What could have been done better?
Oh man so many things could have been done better…Let’s start with the basic, latest generation instances. So, our T2s become T3s and our M4s become M5s, etc. T3 Unlimited is quite nice all things considered, and I would definitely have it on. I would think any surplus credits used could get paid back by the passive regen of credits in off peak hours so any extra cost there would be minimum. I think as well, if I still was using a T3.Medium in this case, I could at least do two, T3.Smalls for equivalent resources and be running compute in two availability zones. Sure, it’s not all three, but two is better than one.
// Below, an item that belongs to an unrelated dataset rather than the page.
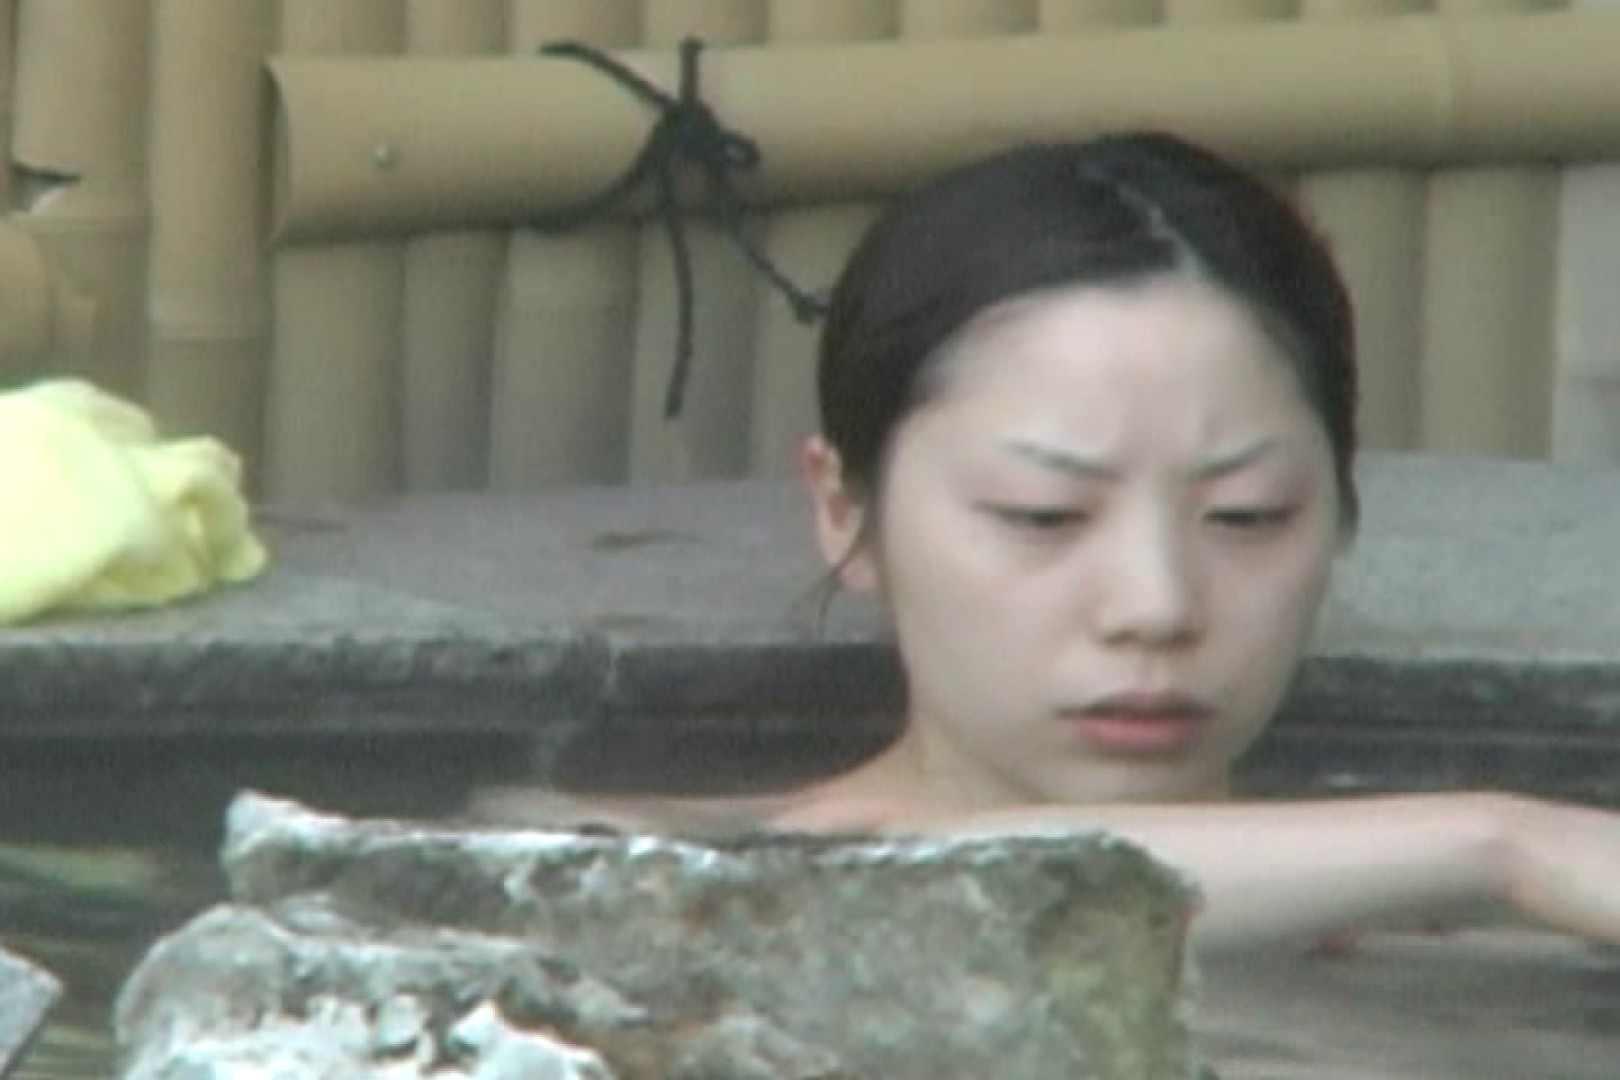 Aquaな露天風呂Vol.596 OLセックス | 盗撮  77画像 25

For the database, I could probably still stay in the T family and just bump up the instance size, while also enabling Multi-AZ just for that additional peace of mind. Honestly something I would have loved to try would have been Amazon Aurora MySQL edition with WordPress. The performance would be exceptionally interesting to see, if it is a big bump or just similar to what things were like before.
For storage, I know someone is probably thinking oh use Elastic File System (EFS) but I’ve yet to hear that this is good call. I think in the past WordPress would just exhaust the EFS share and you’d be left with rock bottom performance. Could be wrong there, but in my mind, I still have Avoid EFS with WordPress in there. The S3 bucket still works, but it could probably do a lot better if I had CloudFront in there too for some additional caching. Given the audience at the time was mostly Europe based, I could adjust the price class too.
Networking the only thing that comes to mind is what I ended my last point with, CloudFront. I just could never figure out what I should cache with CF and what should just have gotten passed through. I’m sure I could figure it out now, but yeah ultimately, I think more caching would have made things a lot smoother. Potentially using CloudFlare instead of CloudFront for the DDoS mitigation is an option there too.
In Conclusion
While I’m not rushing out to build my next distributed WordPress architecture, I do look back at this setup with pride, even with its flaws. It worked in more ways than one, in serving the website it needed to serve and was the gateway to my cloud computing hobby. Inevitably, the cloud computing hobby lead to my current job today and that definitely counts for something!